Tangaroa, is a Byzantine tolerant Raft implementation in Haskell, developed by Christopher Copeland and Hongxia Zhong for a Distributed Systems class at Stanford. The authors apply many of the approaches in PBFT to Raft, allowing for the Byzantine failure of nodes. My interest in this work is how can you stop unnecessary leader elections in Raft algorithm using more conservative election approaches, given that election are too common in some environments (see s4.2 in ARC) .
Copeland and Zhong quickly identify this is one of the key barriers to developing a byzantine raft and describe their lazy voters approach. As with the original Raft protocol, a node time out, becomes a candidate, increments its terms and dispatches RequestVotes RPC’s. In addition to the normal restrictions on granting a vote, Tangaroa adds two extra conditions
- new term must be < current_term + H, where H is a statistically unlikely number of split votes.
- the current leader must have failed to dispatch AppendEntries within the heartbeat.
I am not convinced that the first condition will not lead the system to become permanently unavailable. For example, a network partition could separate the nodes into two groups thus one group will have a leader in a low term and the other group constantly trying to re-elect a new leader as it cannot get a majority. When network connectivity is restored, the nodes in will observe a sudden unbounded term increase. Thus nodes will not give out their votes and the system is stalled.
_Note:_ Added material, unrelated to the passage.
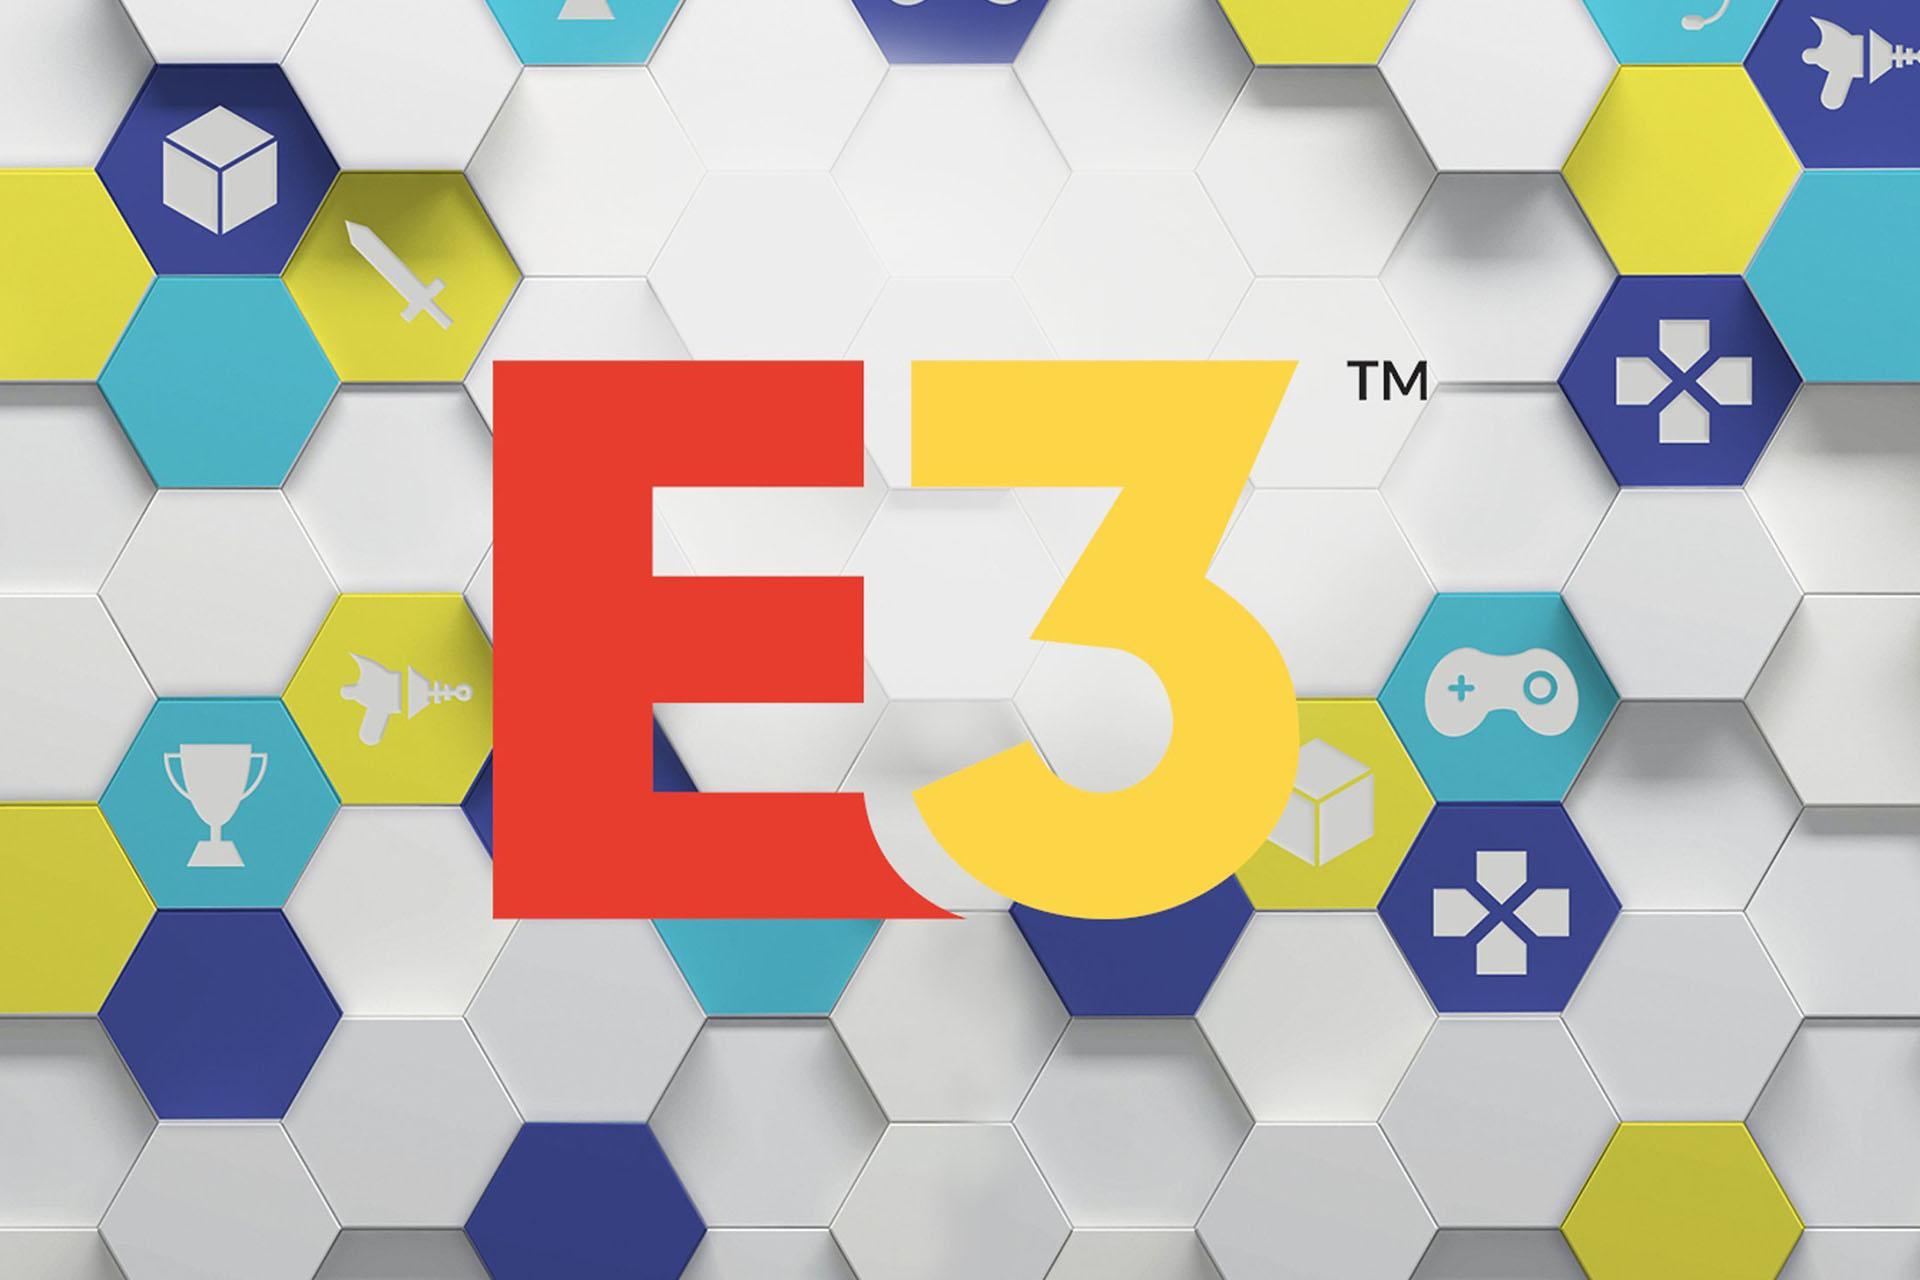 زمان برگزاری نمایشگاه E3 2020 مشخص شد

The author’s highlight how the second condition could be implemented. Nodes who are in a position to grant a vote except that the second condition isn’t meet, will record the vote locally and then dispatch the votes only when they observe a leader failure for themselves. This means that a node may only replace the leader when a majority of nodes detect a failure (or the client does) instead of when a single node detects a failure. The paper doesn’t go into much detail about this and how this would impact performance, I suspect that this approach is a little too conservative and many in some cases make it significantly more difficult to replace a fault leader. Various implementation details need to be consider here, for example, if a node times out and dispatches its vote, how long until the node steps up to candidate itself? or after how long does it “forget” its local vote, the election timeout maybe.
Writing a Byzantine Fault Tolerant Raft was always going to be hard, Tangaroa is a good first step in the right direction.
I’m implementing this protocol myself and encountered this problem.
Besides some inconsistency between what paper says about lazy voting and what reference implementation does (the latter only records one lazy vote, and replaces it each time when a lower term vote arrives, within the permitted window), there is the obvious problem with a ‘run-away candidate(s)’ you stated (it can even happen without network splitting because of election time-out randomization).
What I was thinking about, is a mechanism of telling those run-aways: “Hey, dude, catch with us!”. I’m still in the process of thinking about details, because it can easily open a vector for an attack.
The idea is to record last term with the leader and allowing looking back in the interval [lastLeaderTerm, myTerm] under certain conditions, e.g. when myTerm > lastLeaderTerm + H.
Two cases:
1. The cluster has a leader. Catch an AppendEntries from a server. Then request it’s quorum, as in protocol. Possible problem is replay attack from a byzantine server that was a leader in [lastLeaderTerm, myTerm]. This shouldn’t be a problem if committed entries are not overwritten (it should be taken care of). Other than that, it reproduces historical advancement of the protocol. If a newer leader is alive and reachable, the process will repeat itself.
2. The cluster does not have a leader. Then RequestVote RPCs are flying around, and the node to adjust itself to the median term among them after it has a quorum of messages from different senders. Only requests with term higher than lastLeaderTerm are considered.
This should work both forward and backward, and should retain log prefix property since any quorum will be a real quorum for a term higher than node’s thus the node will make progress adjusting its lastLeaderTerm. Under regular conditions the protocol is unchanged.
What do you think?